- Origin: UK
- Genres: Electronica, funk soul, R&B
- Years active: 2006–unknown
- Labels: Virgin Records (2006-unknown)
- Members: Tendai Tyson Bobby Joel Stearns Adonistar

= Unklejam =

British dance music band

Unklejam were a British dance music band formed by Tendai Tyson.

==Background==
Unklejam's name is taken from Funkadelic's 1979 album Uncle Jam Wants You. Their sound is a mixture of electro, R&B and soul with influences ranging from P-Funk to Prince and Sly and the Family Stone. The band were signed to Virgin Records.

Their debut single "Love Ya" was played on BBC Radio 1 by Trevor Nelson and Annie Mac and was also performed live on Popworld on Channel 4. The single was B-listed at BBC Radio 1 and charted at number 54 in the UK Singles Chart. It was also included in the soundtrack for the video game, NBA Live 2008. The video for the song has been directed by Paul Gore. The group then released their second single "What Am I Fighting For?" following a stint supporting Nelly Furtado on her world tour, and Justin Timberlake on the European leg of his FutureSex/LoveSounds tour. The single was a much bigger success, peaking in the UK Singles Chart top twenty and peaking at number eight on the UK iTunes Store.

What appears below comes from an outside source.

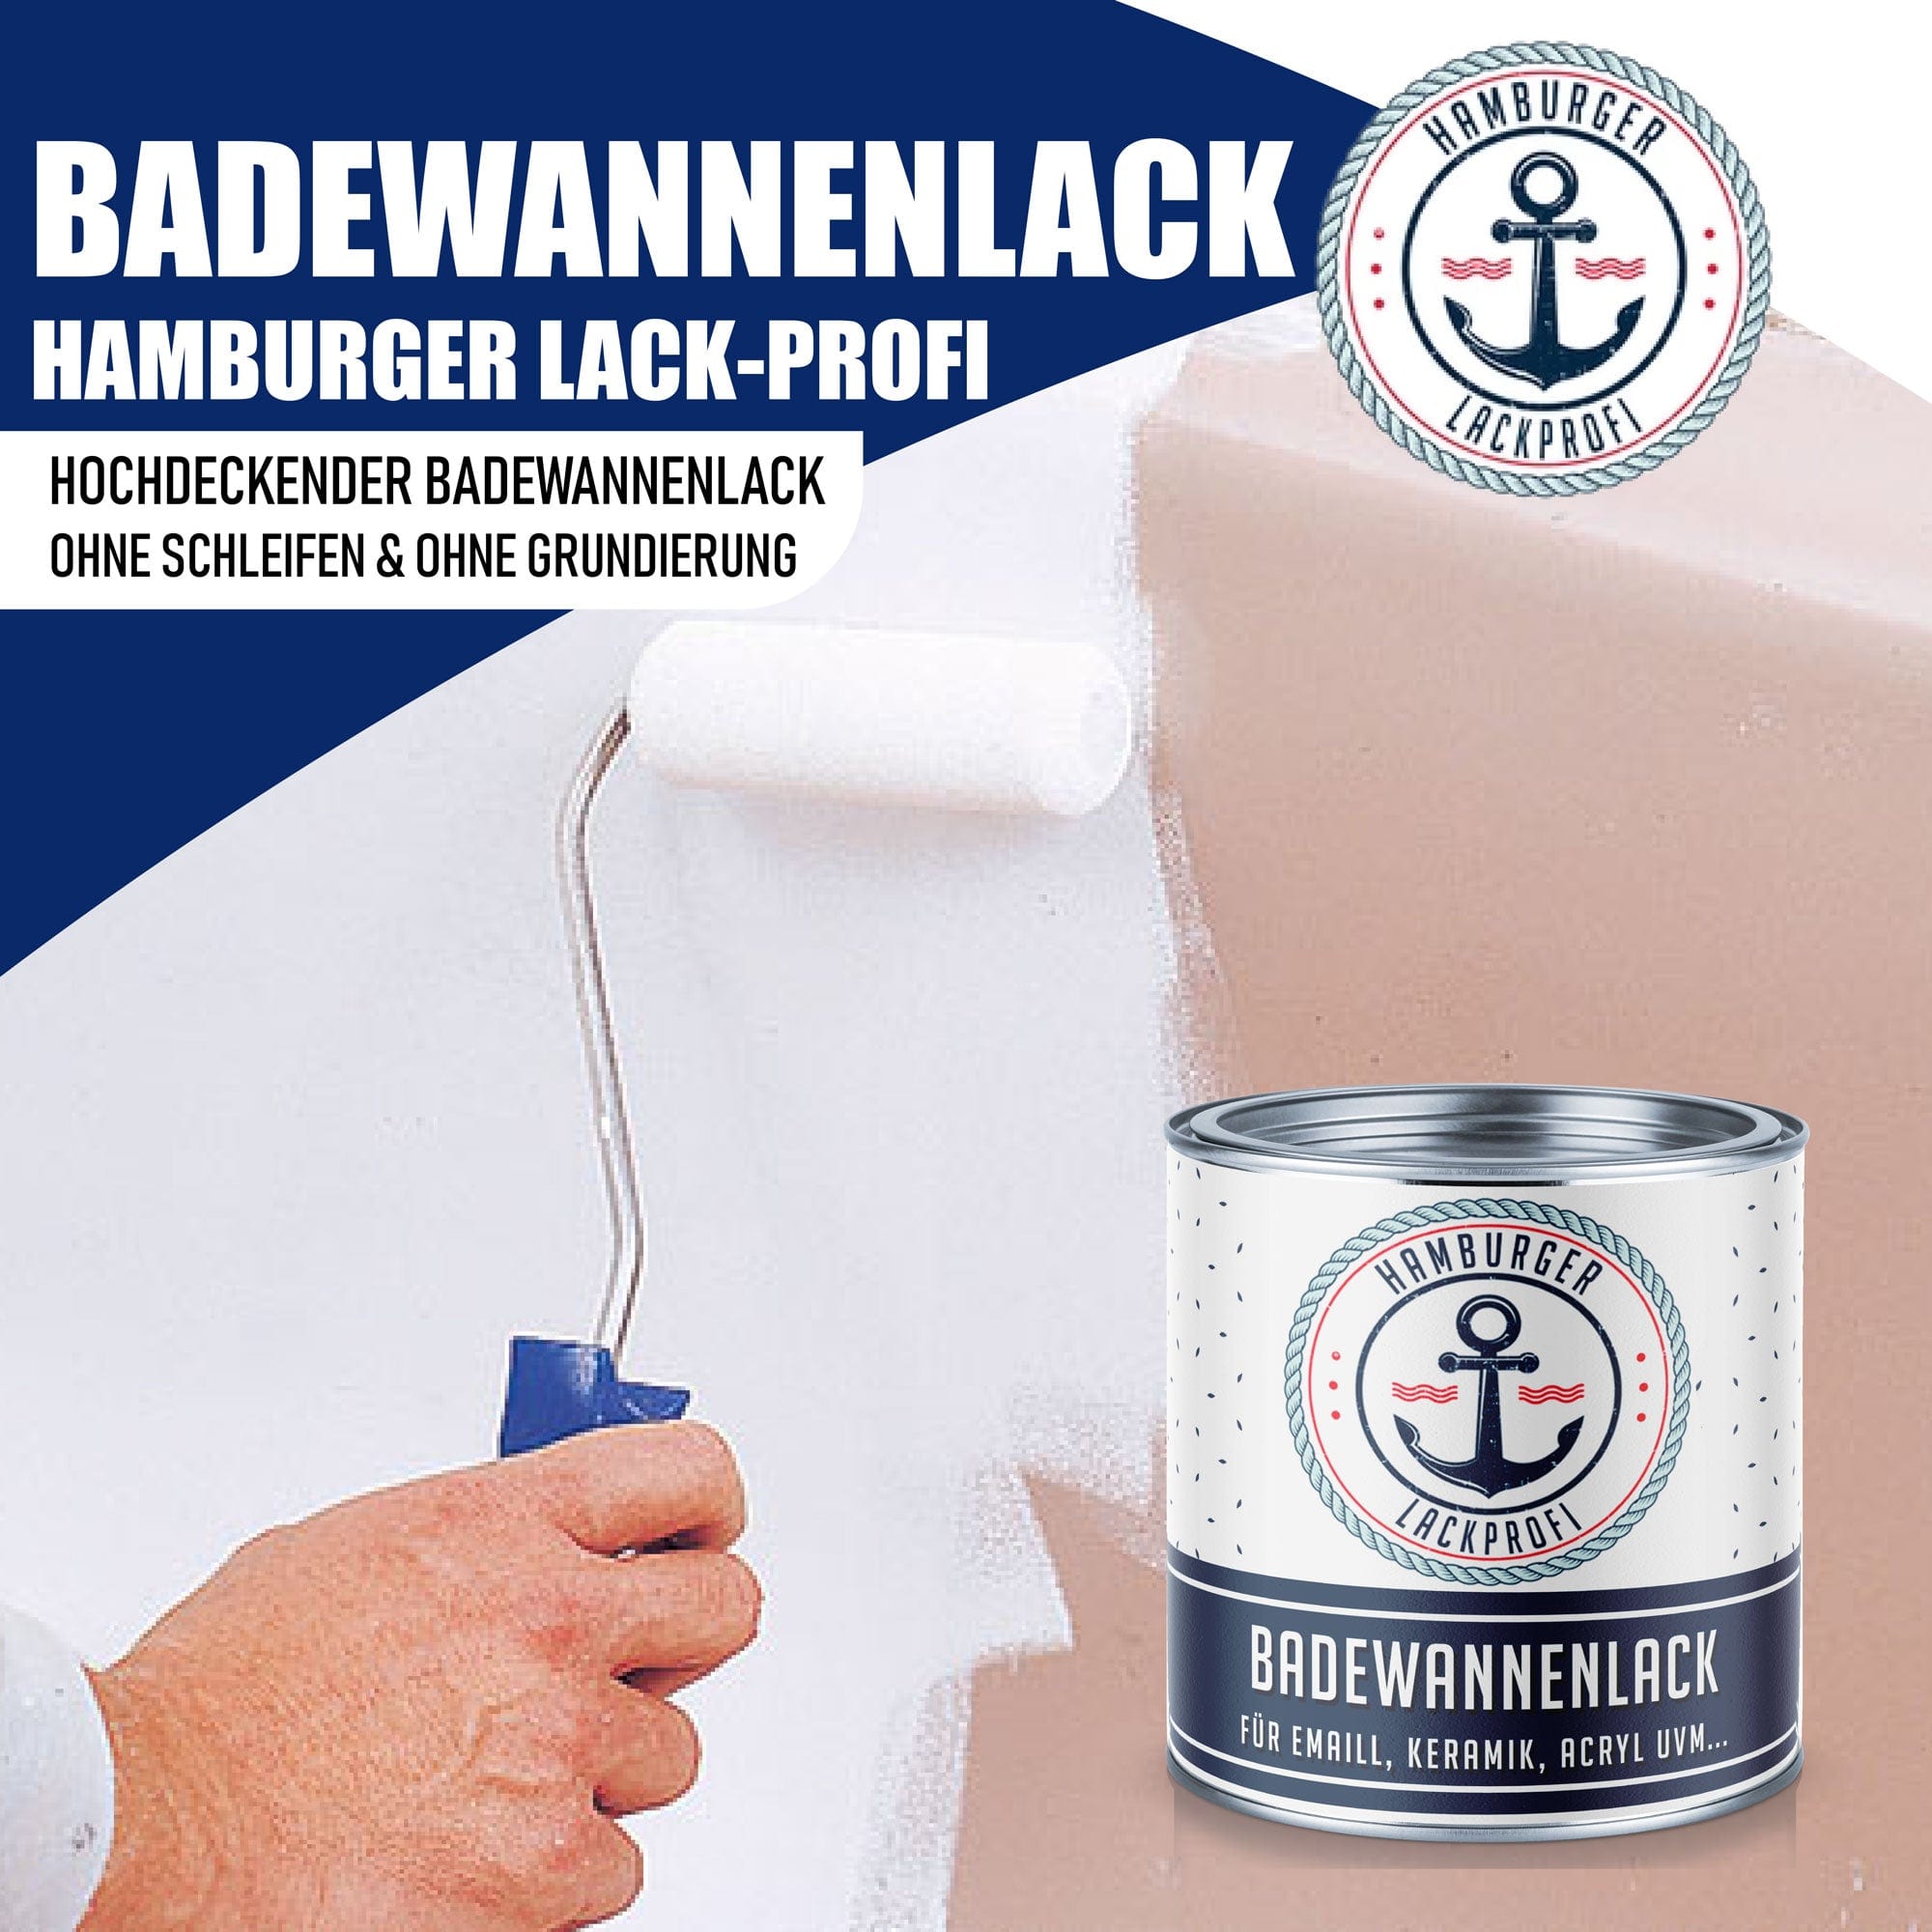 Hamburger Lack-Profi Badewannenlack Hamburger Lack-Profi 2K Badewannenlack Himmelblau RAL 5015 - Glänzend / Seidenmatt / Matt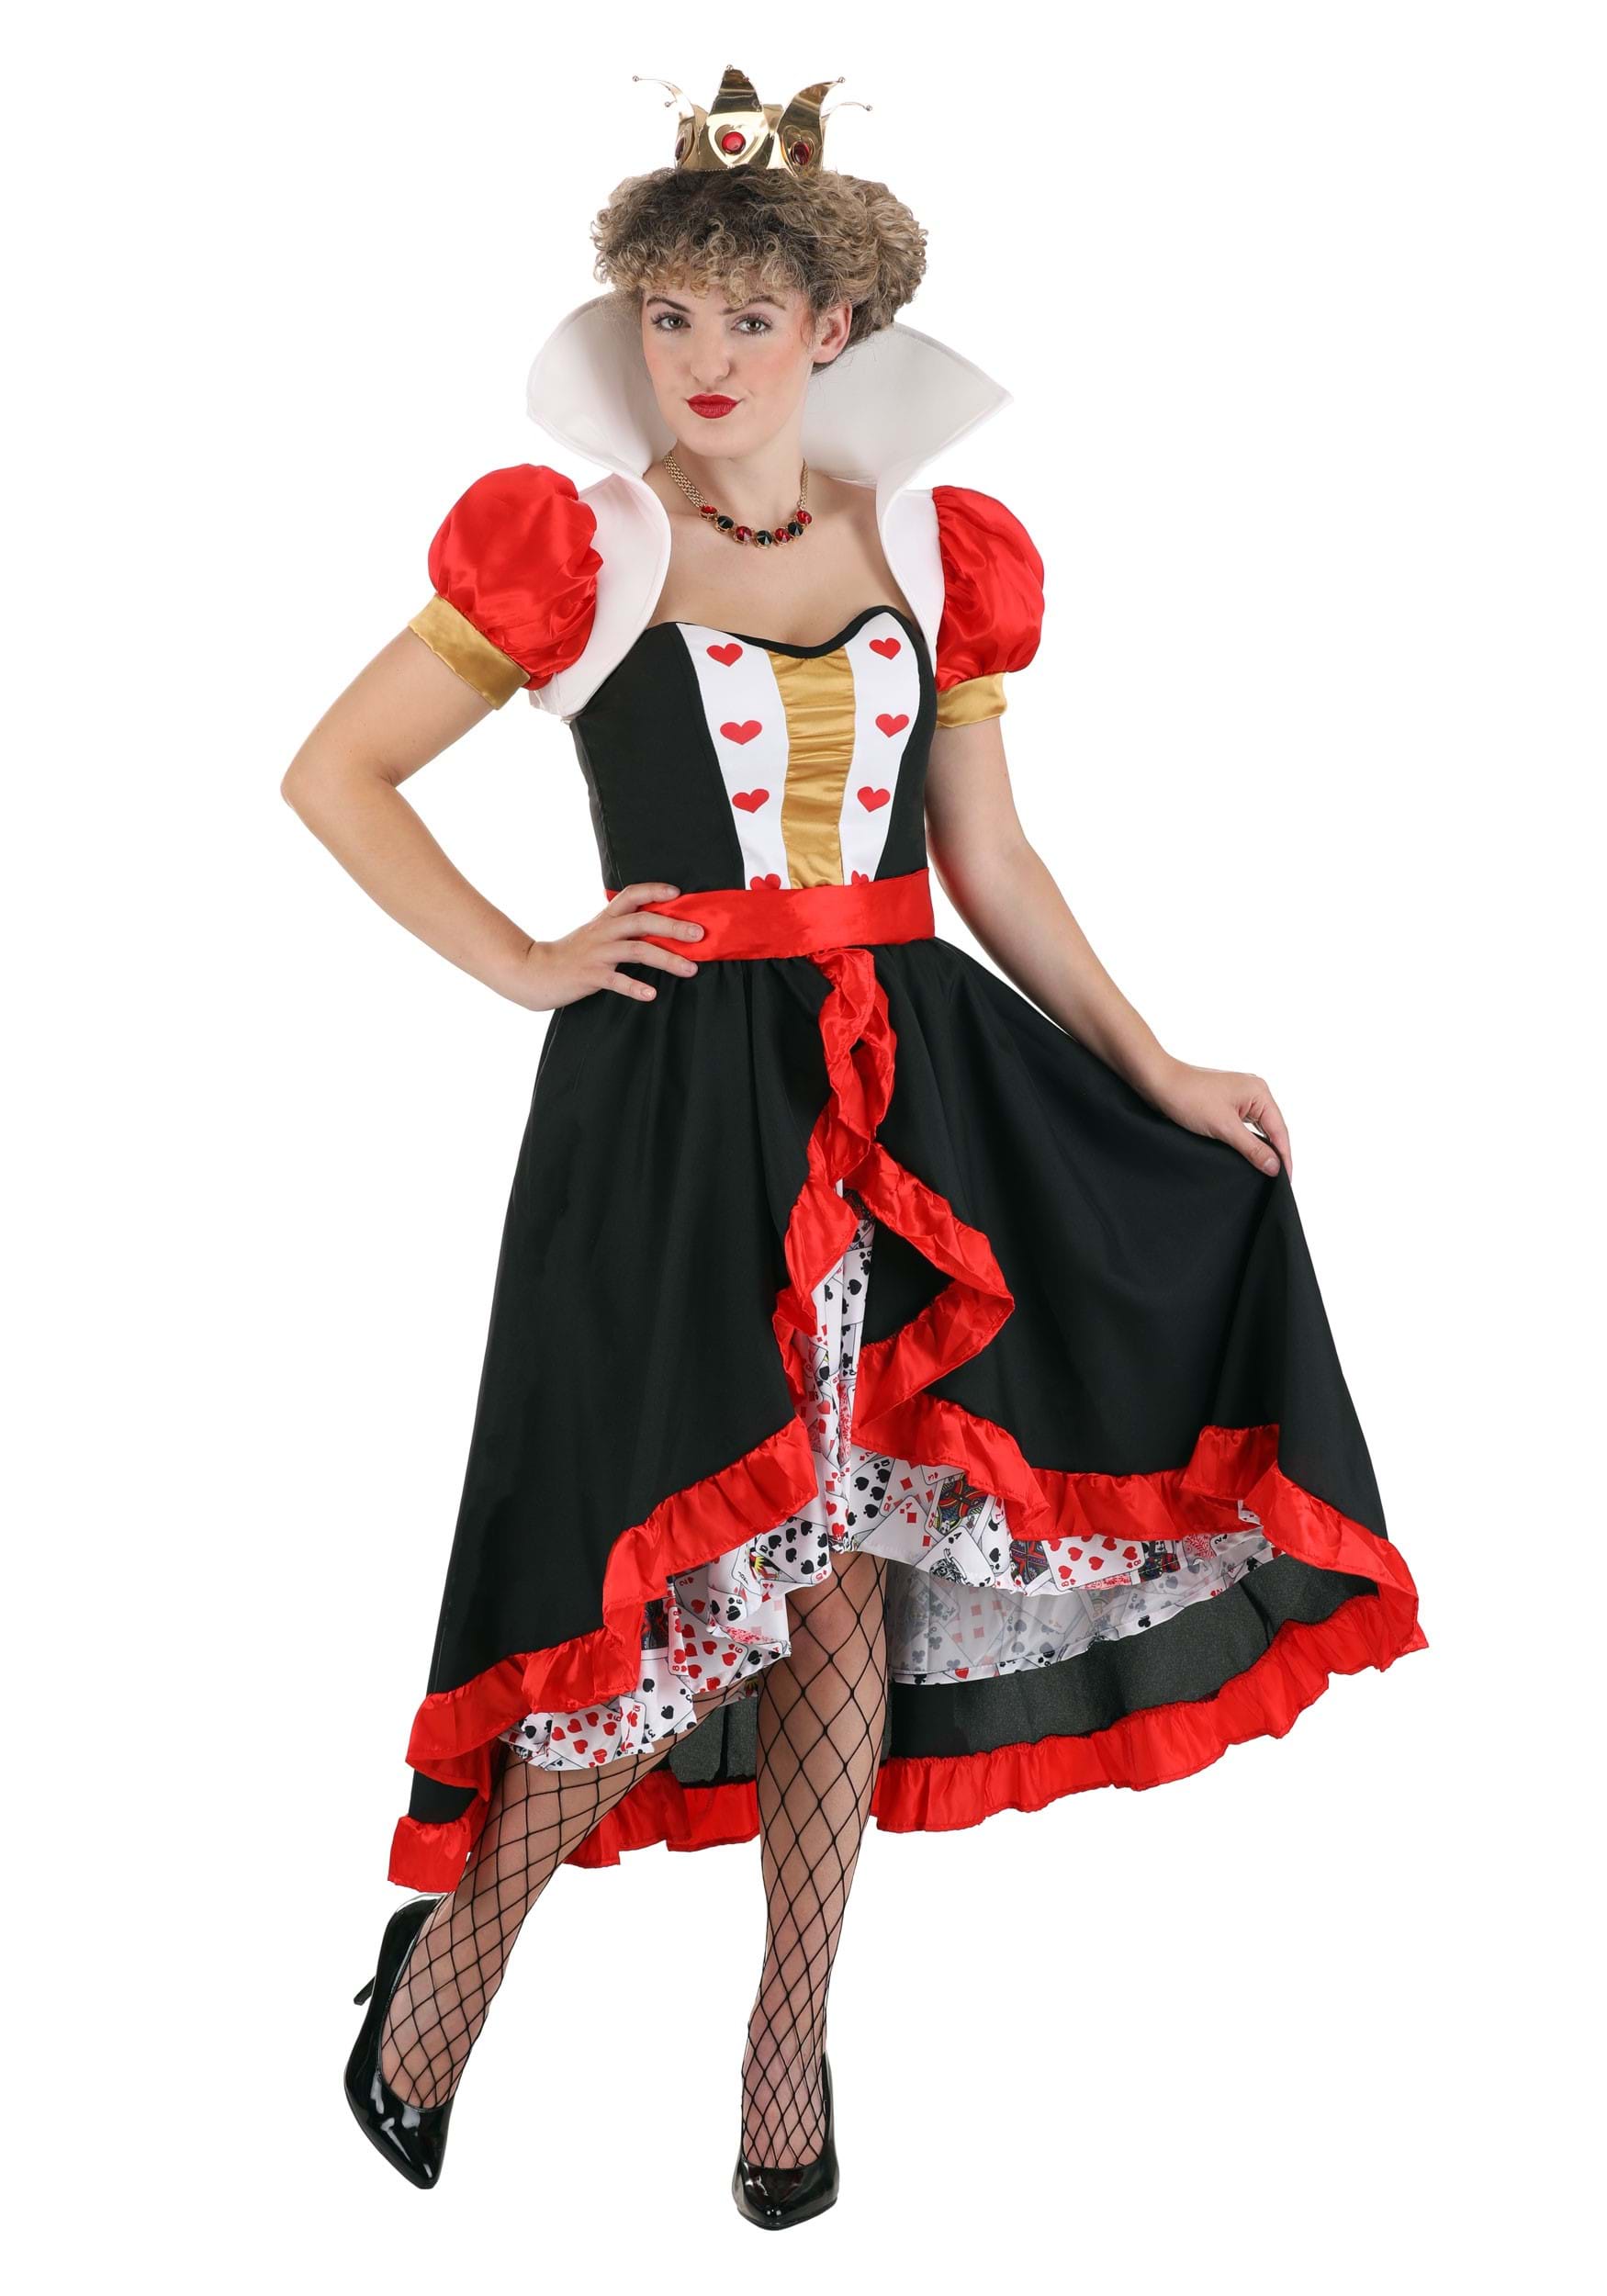 Flirty Queen of Hearts Costume for Women

The group's debut self-titled album was initially due for release on 11 June 2007, one week after the release of the group's second single "What Am I Fighting For?". However, the release date for the album was pushed back to 10 September 2007, with a third single planned to precede the album release.

In Summer 2007 they embarked a small UK tour including a date at the newly refurbished Opera House in Bournemouth. "Arthur Baker's Return to New York and Maison present..." on Friday 6 July 2007 was the first in a series of monthly events. The tour also included the Wireless Festival, Glastonbury and T in the Park.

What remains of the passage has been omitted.